Some random feedback (by checking the behavior; not planning to look at the
patches):

---

Back to the file: vs. https: discussion for a sec.  Disadvantage of https:,
as we've already stated, is that the network might be down.  Also, the
version on the web might be newer than the running version, but that's
unlikely to cause problems.

We haven't pointed out issues with file: though.  It's fine locally, but
troublesome across ssh.

The "hyperlink in terminals" doc strongly recommends to fill in the
hostname (((well, at one place it "requests" and then later it tells what
to do if it's not there; it's not a formal documentation with RFC 2119-like
"MUST" etc. wording or formal ABNF spec or alike))), which "ls" does for
the actual file listing, but not for --help.  This means that across ssh,
if the two systems happen to use the same doc dir, the local counterpart
could be loaded as a false positive match.  Which could be convenient, but
could easily point to an _older_ version of the manual, which is more
likely to be confusing (e.g. missing option, broken anchor) than pointing
to a _newer_ doc (as it can happen with https:).

If "ls" filled out the hostname, such false positives couldn't happen,
meaning that across ssh you'd never be able to access the doc.

I don't have a conclusion here.

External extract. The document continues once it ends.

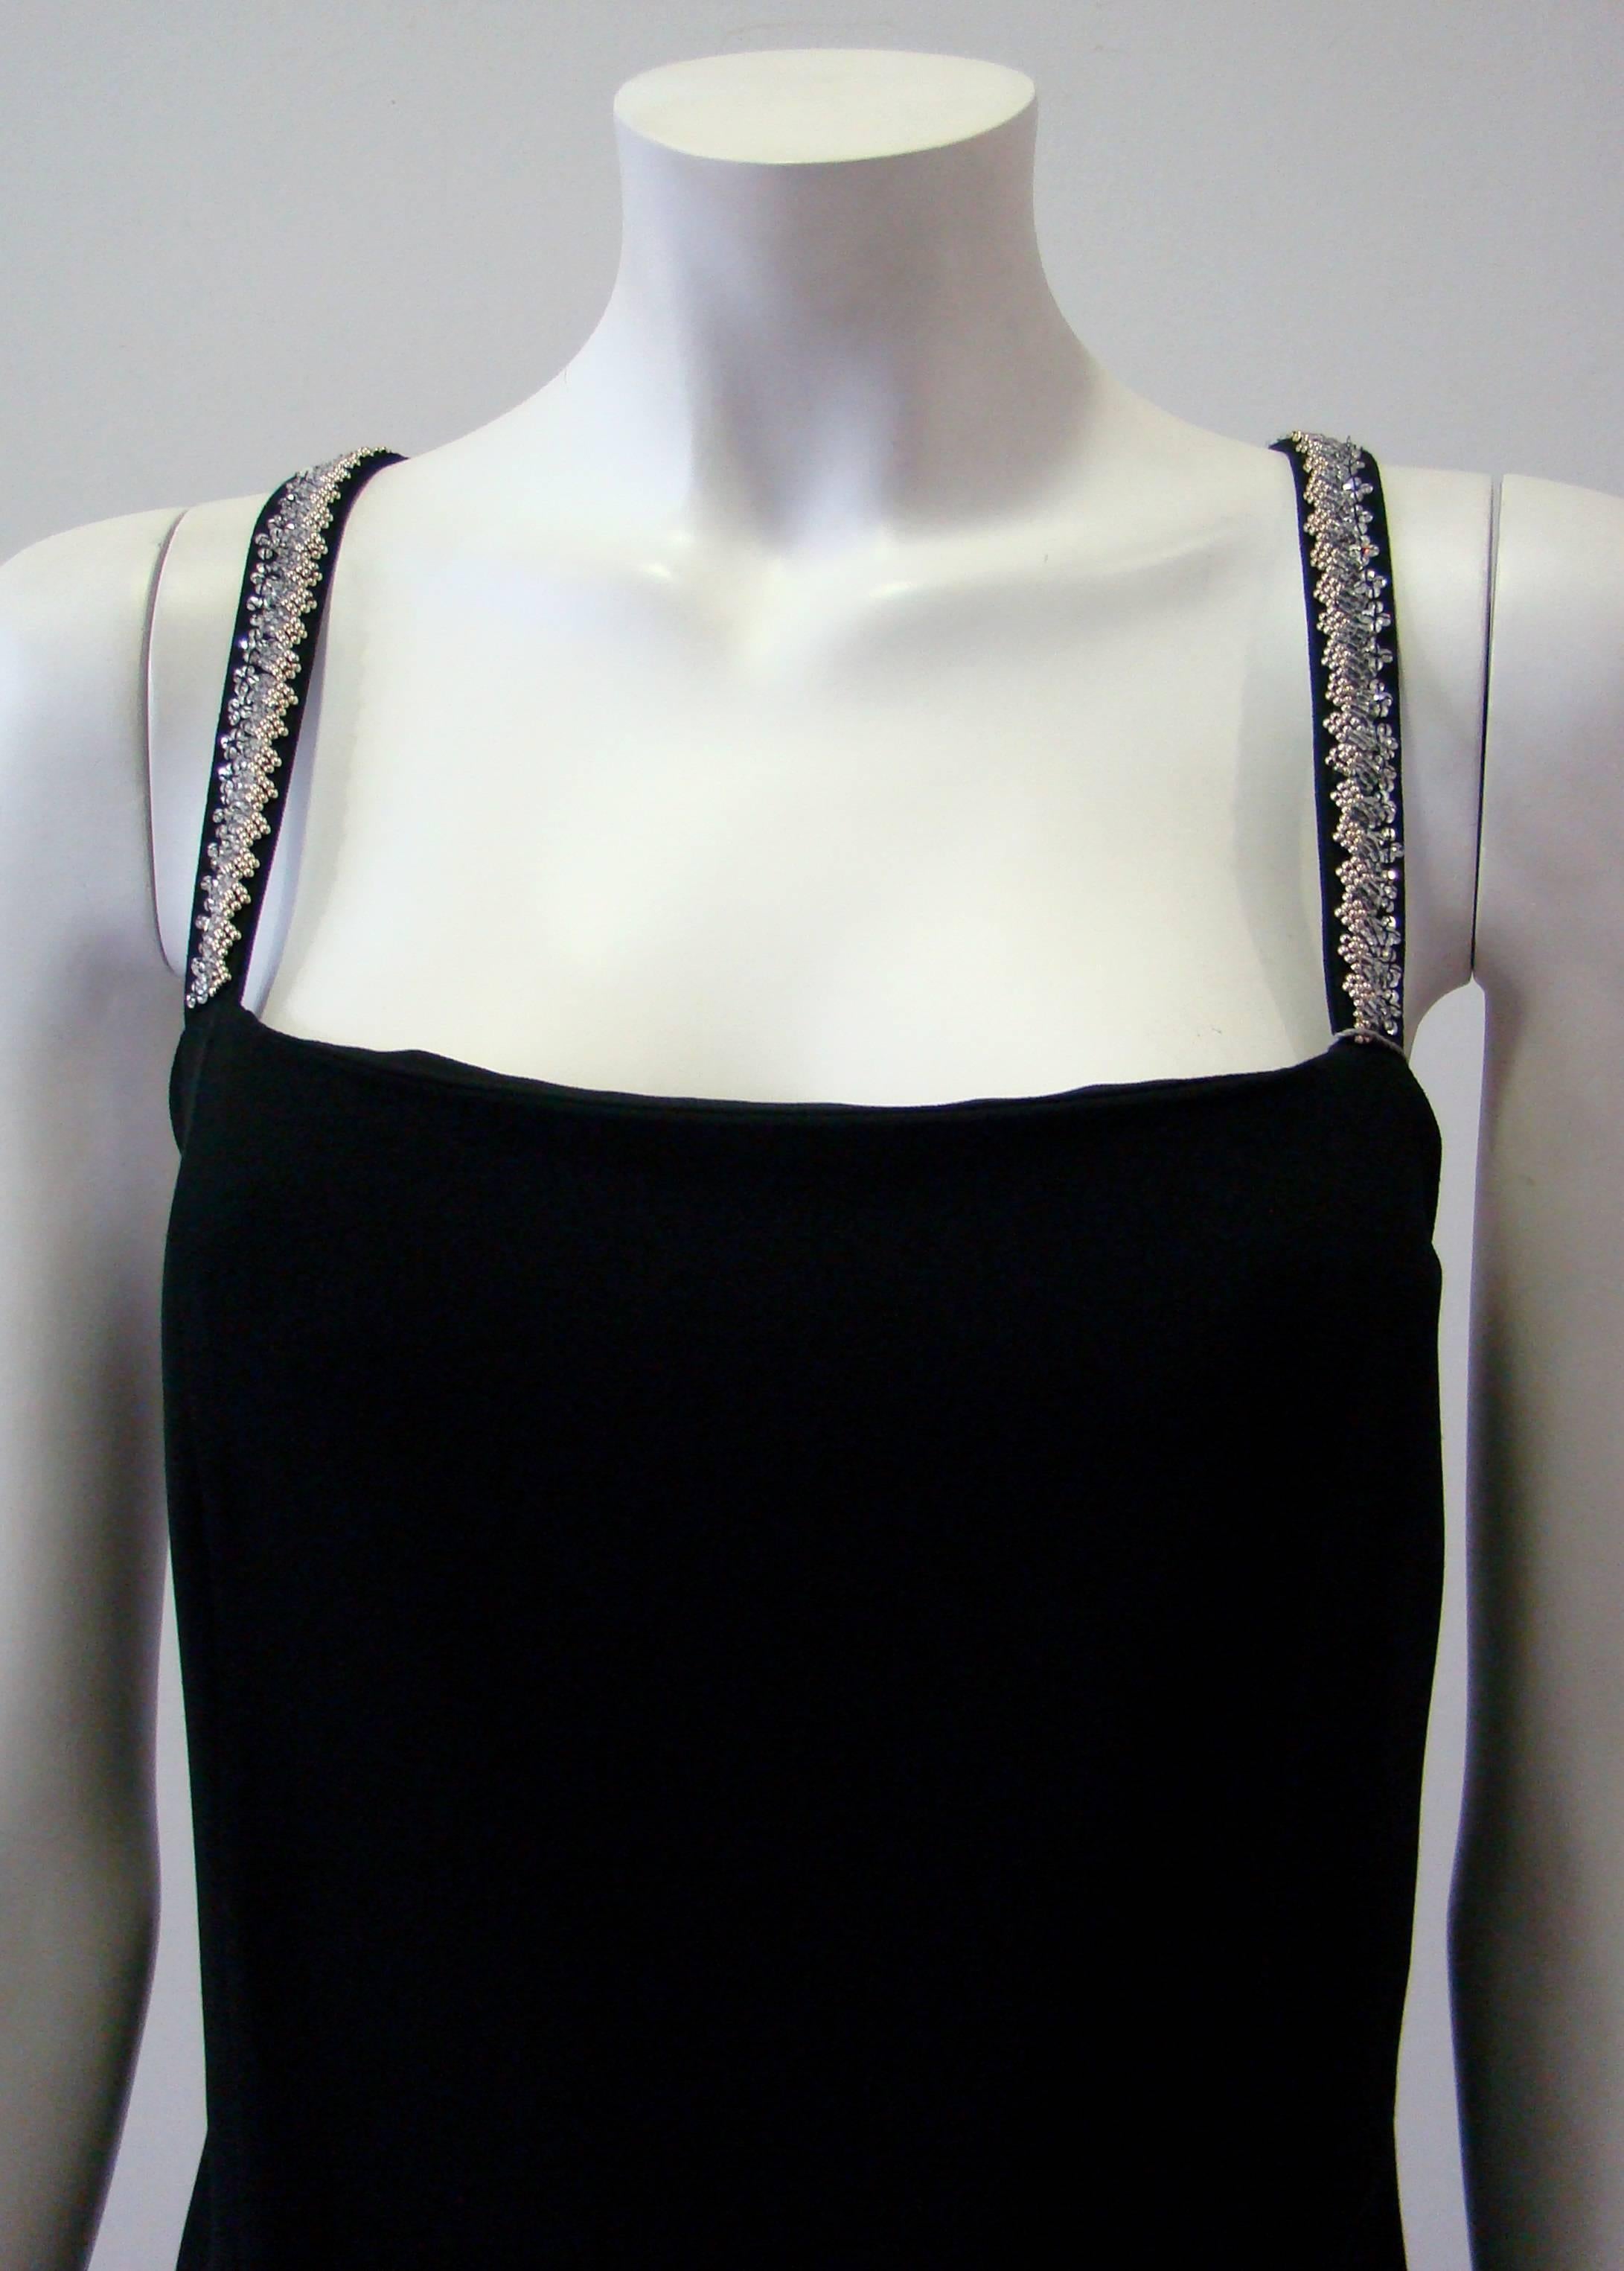 Gianni Versace Versatile Evening Dress In Excellent Condition For Sale In Athens, Agia Paraskevi

Each possible approach (https:, file:
without hostname, file: with hostname) have their pros and cons here; none
of them are perfect.  So I'm just leaving this here as an FYI.

---

The html docs weren't built for me and I couldn't quickly figure out why.
I haven't spent more than a minute investigating.  If you happen to have a
guess which software might be missing, which line of ./configure's output I
should look at, I'd appreciate that.  Anyway, it's probably just a user
error on my side, not an actionable feedback.

---

--help and --version don't point to the page describing those options.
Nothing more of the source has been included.